L’autiste dans la forêt de fleurs (1991)
Mon tableau Fétiche, dont voici un commentaire de Michel Onfray [extrait de Transe est connaissance. Un chamans nommé Combas, éd. Flammarion]
Une grande toile paraît emblématique de la présence au monde du chamane Robert Combas : L’autiste dans une forêt de fleurs avec ce long texte qui constitue le titre dans son intégralité : « Le Fou triste aime la vie, mais il est autiste et n’arrive à converser qu’avec sa forêt de fleurs dont il est le roi. Ses sujets l’honorent et le décorent de leurs pétales de toutes les couleurs et leurs parfums illuminés tirent des boulets de canon de l’odeur luxuriante. Le fou triste est au paradis, mais il est autiste. Quand pourra-t-il retrouver la vie qui s’en va à mesure ? Il sait qu’il est sur la bonne voie. Déjà la terre lunaire a disparu pour faire place à toutes les fleurs de la création mentale. Combien de temps encore va t-il attendre sans pouvoir parler, chanter ou rire ? Déjà, il a supprimé l’hiver et l’automne sur son calendrier cervical ». Voilà.
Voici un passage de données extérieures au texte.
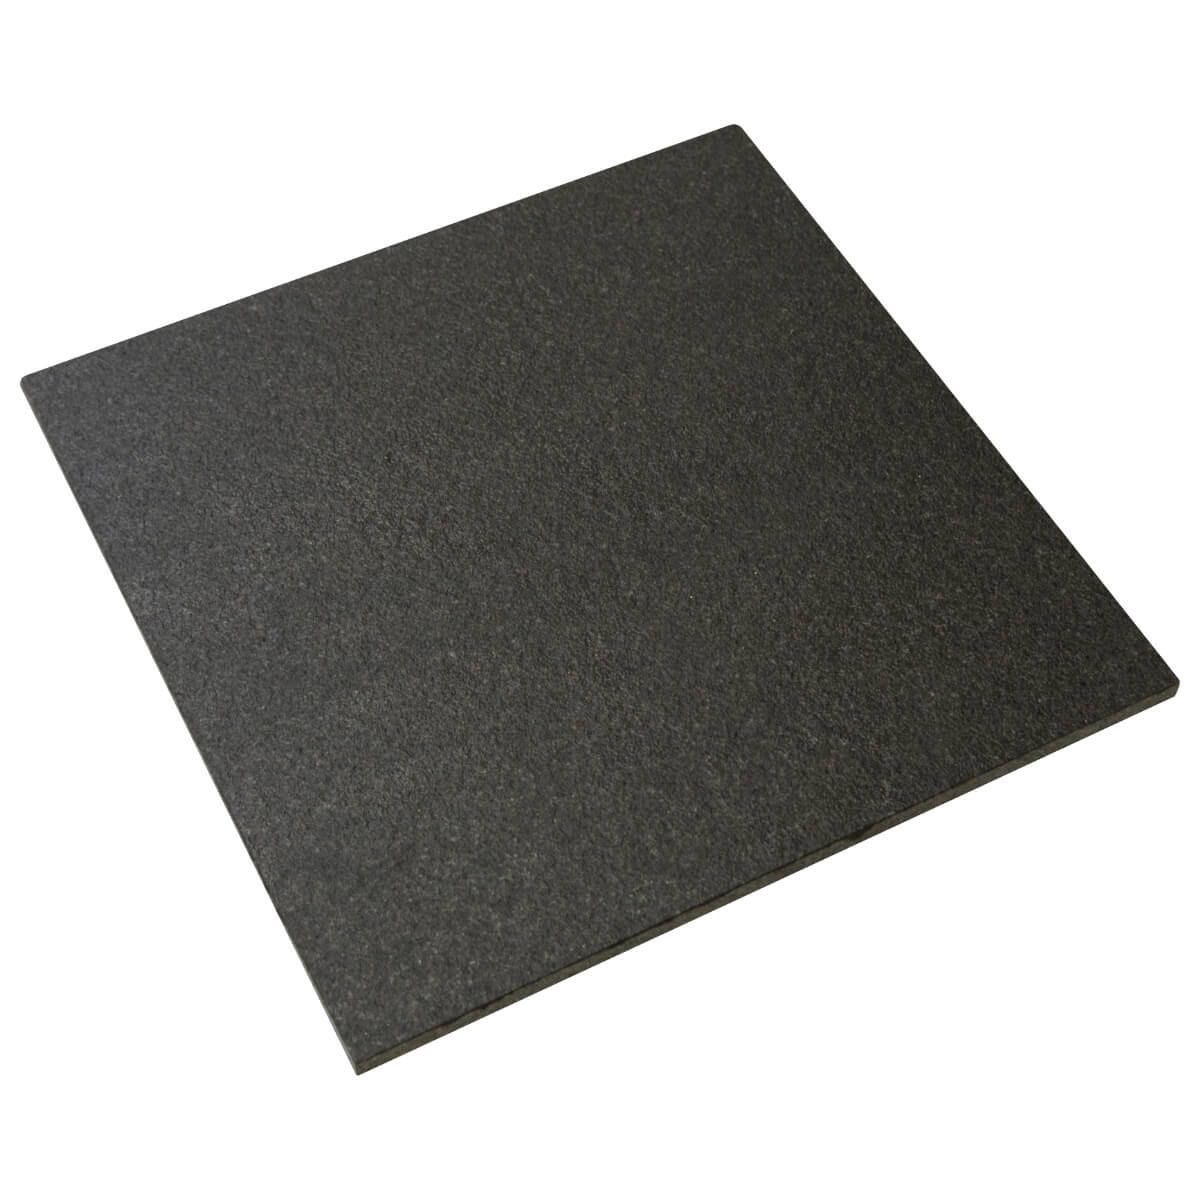 Płytki Granitowe Black Andesit płomieniowane 60x60x2 cm

Pourquoi est-elle emblématique ? Pour l’autisme ? Non. Nous le sommes tous plus ou moins, question de degré et non de nature… L’artiste, le créateur, le philosophe, l’écrivain, le compositeur sont bien souvent plus à leur monde intérieur qu’au monde des autres. Est-ce cela qu’il faudrait nommer autisme ? Alors pour le fou triste ? Pas plus. Le fou n’est pas le déraisonnable, mais celui qui utilise une autre raison. Combas y recourt en dionysiaque : il utilise la raison spermatique, la raison bachique, la raison libidinale, la raison chamanique bien sûr, la raison impure, la raison chromatique, la raison synesthésique, la raison musicale. Ou bien pour le triste ? Peut-être, mais la tristesse est une passion grise et Combas peint rarement en gris.
Cette longue toile (216 X 518 cm) montre un homme comme une fleur dans une forêt de fleurs. On sait que les pétales, les pistils, les sépales, les étamines nomment différentes parties d’une même chose : un sexe. Qui n’a jamais songé, en plongeant son regard dans la corolle et le calice d’une orchidée par exemple, à l’entrée mystérieuse de l’ouverture d’une femme et aux promesses de voyages induites ? Le jardin d’Eden originel dans lequel émerge la tête de ce fou triste se compose d’une orgie de sexes féminins. Couleurs qui explosent, odeurs luxuriantes, parfums illuminés, cette toile se sent et s’entend autant qu’elle se regarde. L’artiste est moins autiste que fleur magique obéissant aux injonctions du cosmos. Le chamane se fait tigre et fleur, serpent et rocher, brume et vent, silence et couleur – ici, Combas s’épanouit en fleur parmi les fleurs, tel un simulacre capiteux, une pluie d’atomes ou une volée de particules se déplaçant dans l’air comme une note de musique traverse l’espace, détachée de la musique des sphères.
Le chamane est comme une fleur dans un champ de fleurs. Ou comme une étoile dans un cosmos. Ou comme un loup dans une meute, une abeille dans une ruche. Car il endosse tous les costumes possibles du réel. Comme l’artiste. Comme Combas. Dès lors, notre artiste peut se faire fou triste, autiste parfumé, sujet d’un roi de pétales, décérébré du calendrier cervical, exilé de la terre lunaire, chanteur sans voix, rieur à la bouche fermée, mutique dans l’attente de rien, le bruit du cosmos passe par lui – il emprunte la voix qu’il a sur scène.